If you don't trust the machine where your browser runs, you have a much bigger problem than logs.  And if you don't trust the server, you should probably not type your username and password into it.

(Leaving the fundamentally unsolvable problem of a server that you need to use, like your bank or insurance company, but that later turns out to be not trustworthy because they were were sloppy and careless.  That's a tough one.)


----------



## Sevendogsbsd (Dec 24, 2018)

Keep in mind there may be other devices en route such as proxies or load balancers that may decrypt and re-encrypt traffic (for deep packet inspection) . In a web application, most times the username and password are sent using POST and are only encrypted within the HTTPS tunnel. Personally, I would never send creds or any other sensitive data in a URL and it is not an industry best practice.

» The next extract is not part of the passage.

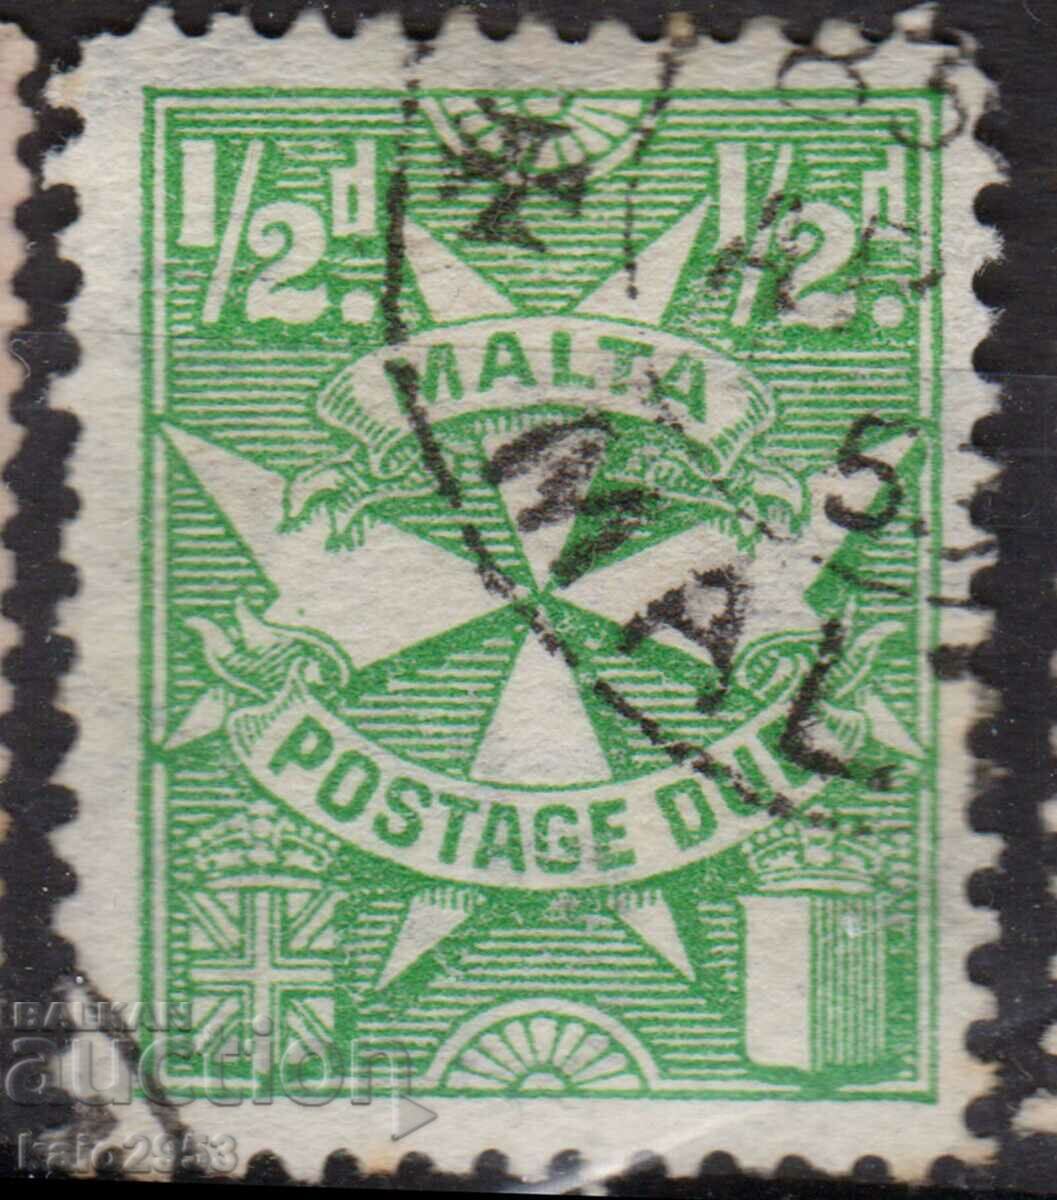 GB/Malta-1947-За доплащане-Малтийски кръст,клеймо

OWASP, Example 2, OWASP Auth Cheat Sheet

Too many more to list. My .02


----------



## obsigna (Dec 24, 2018)

You seem to assume, that the optional userinfo@ component of the URI which you enter in the address bar would go over the line as is, as part of the host component of the URI. It won’t. The browser takes this info and moves it into a regular HTTP Basic authentication request header field, which would be encrypted by TLS like any other header/content of GET, POST, etc. requests. Your OWASP links refer to Query strings, that is the stuff after the ? at the end of the URI, and this is a completely different animal. So in respect to the risks involved, I agree with ralphbsz.


----------



## Sevendogsbsd (Dec 24, 2018)

Didn't realize that obsigna, thanks for pointing that out. I have seen sensitive data passed in querystring params so thought this was the same. Thanks for the clarification.

Keep in mind though that basic auth is only base64 encoded so anywhere it is stored is easily decoded. If that's not a problem, then it's fine.


----------



## ralphbsz (Dec 24, 2018)

Anyone who puts username or password into the today URI is a fool.  I'm sure fools still exist.  They are probably one of the larger threats to privacy and security.  But they should be slowly eliminated, by educating them in how to do it right.

And if SSL can be decrypted by regular deep packet inspection, which all brands of routers do, then all our ideas about security are sunk, and we might as well give up.  (I'm deliberately excluding "national technical means", a joke buzzword for things that officially don't exist and that nobody can talk about.)


----------